Among them is Asako Kanda, who started collecting Sanrio products in third grade and now owns over 10,000 items adorned with the character’s expressionless face.
“My mother gave me Hello Kitty stationery and school supplies like pencil cases and plastic boards.
When I saw them, I thought they were so cute, and they quickly became my favorite. That’s where it started,” she said, showing CNN around a dedicated Hello Kitty room in her Tokyo home.
“Once I began buying things for myself, I could get items for the kitchen, bathroom and other daily necessities. I wanted to unify everything with Hello Kitty from that point on."
After more than 36 years of collecting, Kanda still buys around two Hello Kitty items every month.
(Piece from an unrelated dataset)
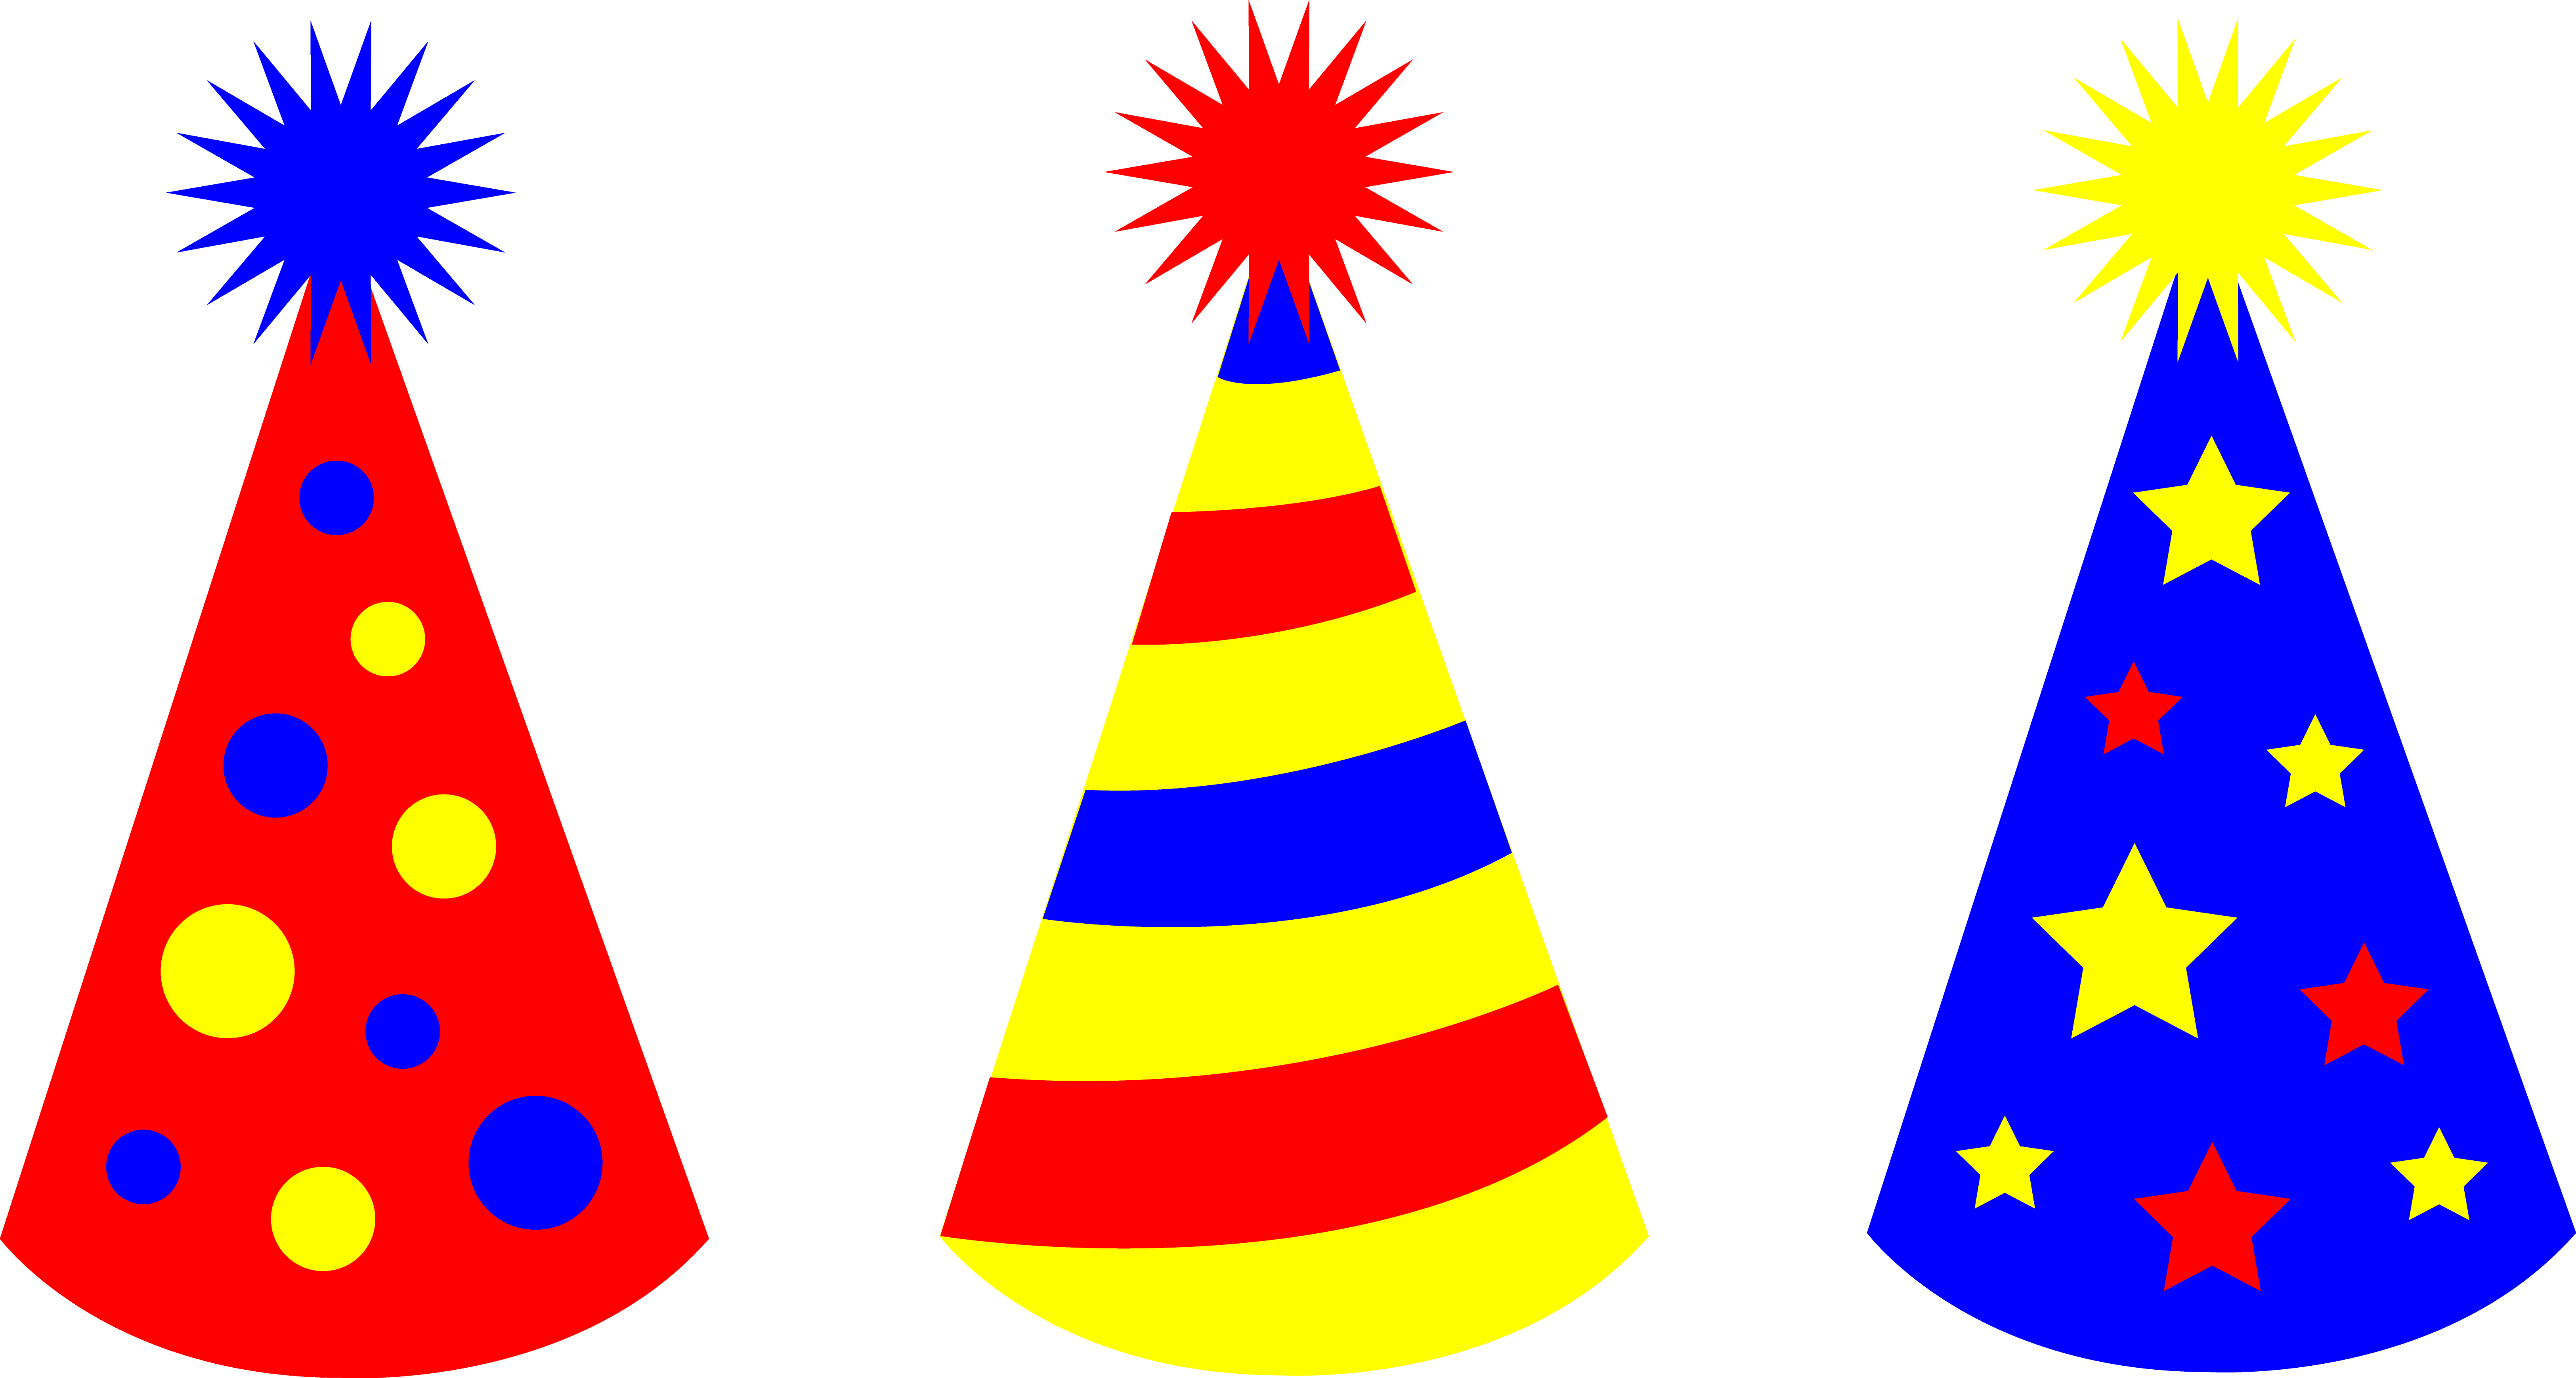 पार्टी जन्मदिन टोपी

Sanrio releases new products on a weekly basis, and she scans them looking for anything that is “memorable or cute.”
“As life goes on, there are times when you face unpleasant or sad experiences,” she said, “During those times, looking at Hello Kitty goods have brought me comfort and solace.”
Going global
As Japan’s economy stagnated in the 1990s, Sanrio expanded its international presence.
In Hello Kitty’s early years, the company had sold products door-to-door in the US, before setting up the first overseas branch of its retail store, Gift Gate, in San Jose in 1976.
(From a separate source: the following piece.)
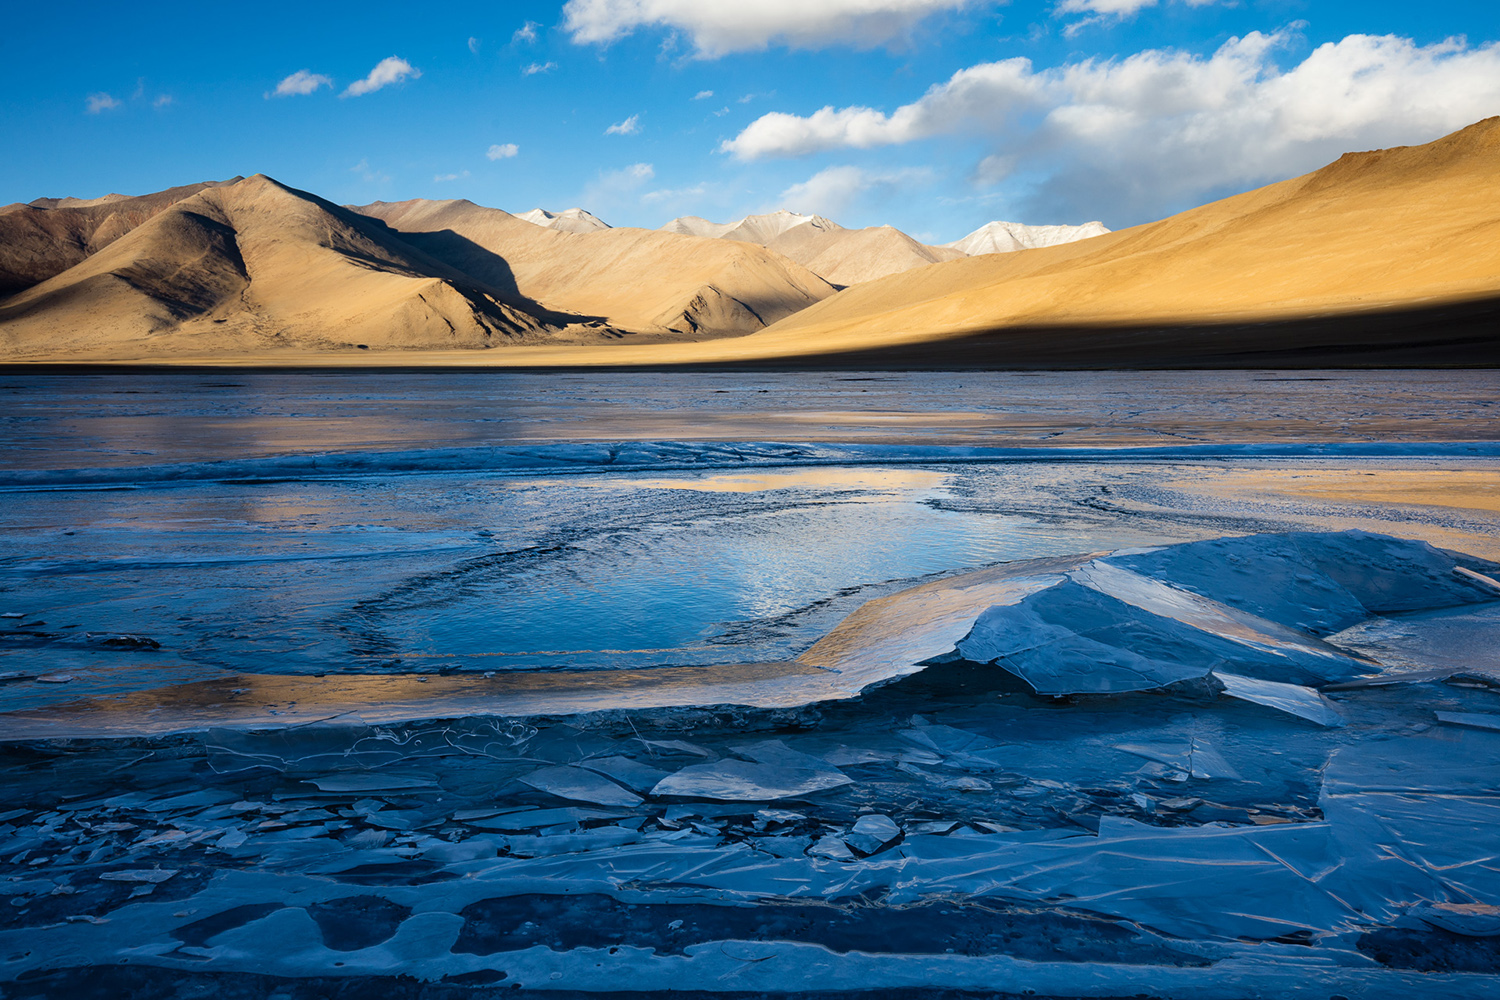 Glace sur le lac de Startsapuk, près du Tso Kar, pendant un voyage photo au Ladakh en hiver

But following an explosion of Western interest in Japanese culture — from “Dragon Ball Z” to Tamagotchis and Beyblade — she captured the imagination of American consumers around the turn of the millennium, according to Atsuo Nakayama, a Japanese sociologist specializing in the entertainment industry.
“Just after 9/11, the world was changing,” he told CNN. “And I think that the Japanese ‘kawaii’ culture was an alternative fit for America, somehow.”
Much of Hello Kitty’s commercial success has been achieved through licensing.
She has spawned books, video games and animated TV series, like the long-running “Hello Kitty and Friends,” which helped further develop her character.
(Although, despite being raised in London, she was given a North American accent in English dubbed versions.)
She has also been part of deals with major consumer and luxury brands, and has appeared on an EVA Air plane, Fender Stratocaster guitars and Swarovski jewelry.
And while Sanrio’s declining fortunes at the turn of the 2010s sparked fears that Hello Kitty’s cultural relevance was fading, the company’s share price has rocketed in the last two years.
It now stands over 10 times its Covid-era low.
According to Atsuo, nostalgia is once again a key driving force — at home in Japan and abroad.
“Hello Kitty is on the rise again in America, and I think that this is because the first generation have now become parents and passed (their interests) on to their children,” Atsuo said, adding:
“(Her popularity) has risen and fallen many times like this, and it creates a regular opportunity for people who were captivated by Hello Kitty to remember it and want to collect it again.”
Sanrio’s recent successes are also, in part, due to it diversifying away from Hello Kitty.
The character now only accounts for around 30% of Sanrio’s gross profit in product sales and licensing, down from 76% a decade earlier, according to the Wall Street Journal.
Recent creations like Gudetama (a lazy egg yolk) and Aggressive Retsuko (an introverted death-metal-loving red panda) have both featured in their own Netflix series.
Yet, even as Sanrio’s business model changes, Yamaguchi believes Hello Kitty will endure.
“Of course, there are many characters in the world that have been around longer than Hello Kitty,” the illustrator said, adding:
“I hope she continues working hard so she can celebrate her 100th anniversary in 50 years’ time.”